2016-06-30
Thinking that my friend Martin Luther King might turn over in his grave if he knew the holiday in his name was becoming just another day of shopping, TV, and relaxation, in 1994 I went to one of Martin's comrade-in-arms, Congressman John Lewis. "How do we make it a day on, not a day off?" I asked.

As legislators (I was a senator from Pennsylvania at the time), our solution was a bill. Congress passed the law charging the new Corporation for National Service and the Federal King Holiday Commission with organizing it as a national day of service.

It seemed so obvious. After all, it was King who had said, "Everybody can be great because everybody can serve." And he said, "Life's most persistent and urgent question is 'What are you doing for others?'" King and "service" are virtually synonymous, we thought.

Yet I have a confession. The holiday we created emphasizes something for which King was not known.

Rather, he was most closely associated with civil disobedience, struggle, a season of suffering, marching through unfriendly streets, facing snarling dogs, and going to jail. And, of course, as one whom Martin used to describe as the only lawyer in his camp who would help him go to jail instead of using all the tricks of the trade to keep him out of jail, I know that his insistence on nonviolent action changed the course of history.

Yet I believe that Martin would be deeply disappointed that his name were connected only with the fight for racial justice and nonviolent protest.

Time and again, Martin talked with me about a side of Mahatma Gandhi that deeply appealed to him. Not just the Gandhi of the salt march, and the years in prison, but Gandhi the servant leader.

Gandhi said that satyagraha--the name he gave to his way of action, "firmness in truth"--had two sides: civil disobedience and, the other side of the coin, constructive service.

Gandhi often said that his purpose in life was to live the sermon on the mount.
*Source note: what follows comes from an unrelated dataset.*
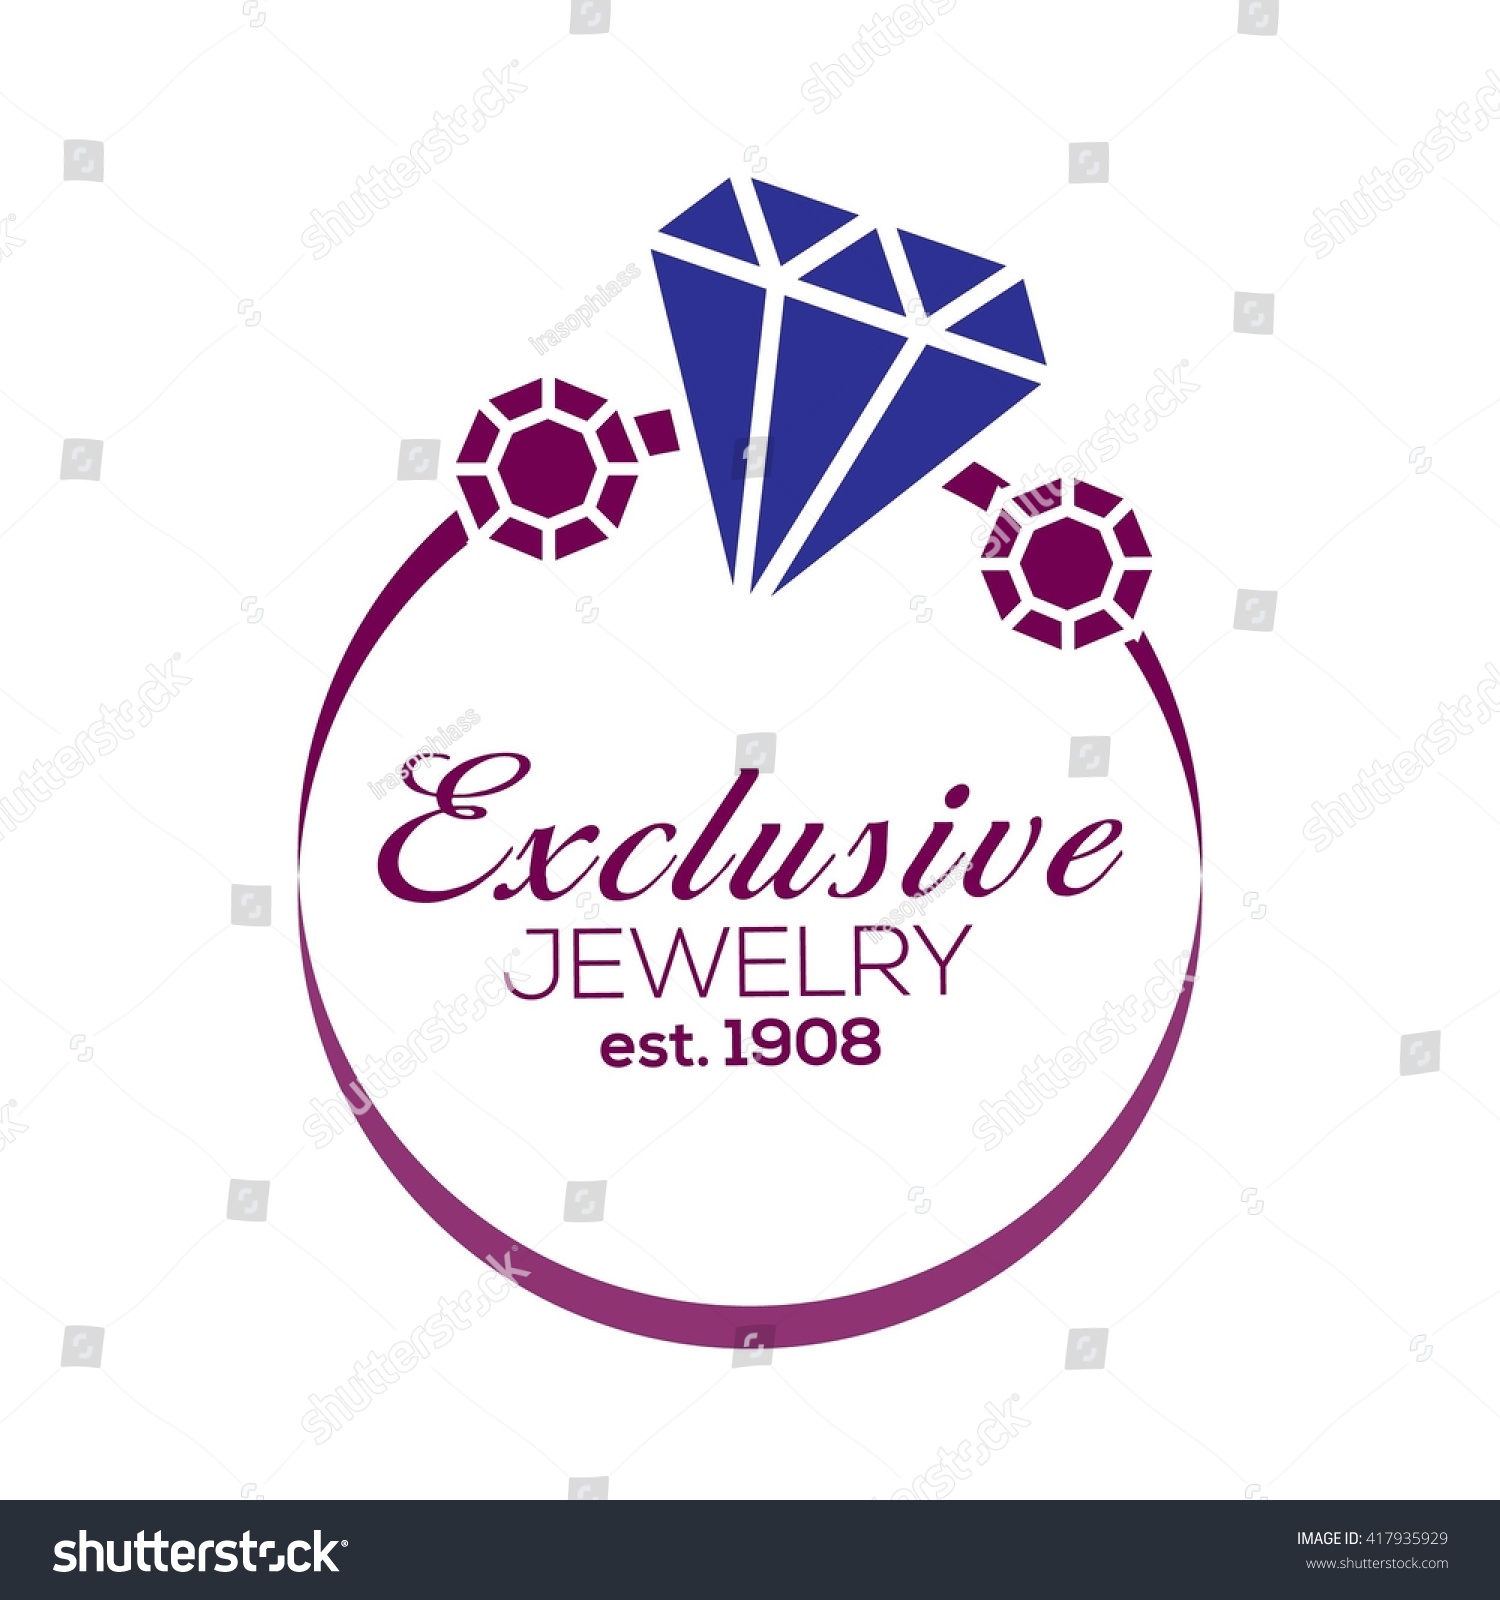 Jewelry Logo Template Stock Vector (Royalty Free) 417935929

He asked the Indian independence movement to carry out a 13-point plan of constructive service that included personal action to end untouchability by working, eating, and serving side by side with untouchables, by adopting them as members of one's family. It included teaching all Indians to read and bringing health care to every village.

When high-caste Indians refused to do the work of untouchables and join in cleaning the stinking latrines at a Great Indian Congress assembly, Gandhi organized a volunteer service corps to clean the latrines. "Why wait for independence for the necessary drain-cleaning?" he asked.

Martin took the same approach. In launching the Montgomery Improvement Association to run the bus boycott, Martin involved this Gandhian theme of service, saying they were organizing not just to fight segregation but to keep on working to improve all of Montgomery and create the "Beloved Community."

But King and Gandhi were both regularly disappointed when they tried to turn their followers to the hard work and occasional drudgery of constructive service. To the militants' 1960s cry of "Burn, baby, burn," King said, No, the watchword should be "Learn, baby, learn." In the long lulls between great protest campaigns, Martin struggled to engage people in constructive service and create the institutions for justice in America.

At the end of his life, Gandhi called himself a failure because he could not persuade Hindus and Muslims to come together as one India, and because that other side of the coin, constructive service, had never taken hold of the Indian mind.

Gandhi said he could get a million people to go into the streets, to march in protest, and nonviolently to turn the other cheek when they were beaten with clubs; he could get a hundred thousand to go to jail--but he couldn't get 10 thousand, not even one thousand, to carry through, every day, the 13-fold constructive program.

So there is a time for everything, as Martin used to say, citing Ecclesiastes: "a time to be born, and a time to die; a time to break down, and a time to build up."

For America, and for the legacy of Martin Luther King, it is morally and strategically right now to focus on service, and to turn that service into the kind of force that Gandhi and King believed it could become.

In today's world, we can ask, "Why wait for the government to act in order to tutor and mentor millions of young people who seem to be heading for disaster in life?" The most urgent and persistent question for us now is not how to overturn evil laws but how to point kids in the right direction, how to build the community institutions needed to fulfill the American dream--Martin's dream. I believe that Martin Luther King would see this beginning of the 21st century not as a time to go to jail to protest evil laws but as a time to build.

So Coretta Scott King is profoundly right when she says: "The greatest birthday gift my husband could receive is if people of all racial and ethnic backgrounds celebrated the holiday by performing individual acts of kindness through service to others."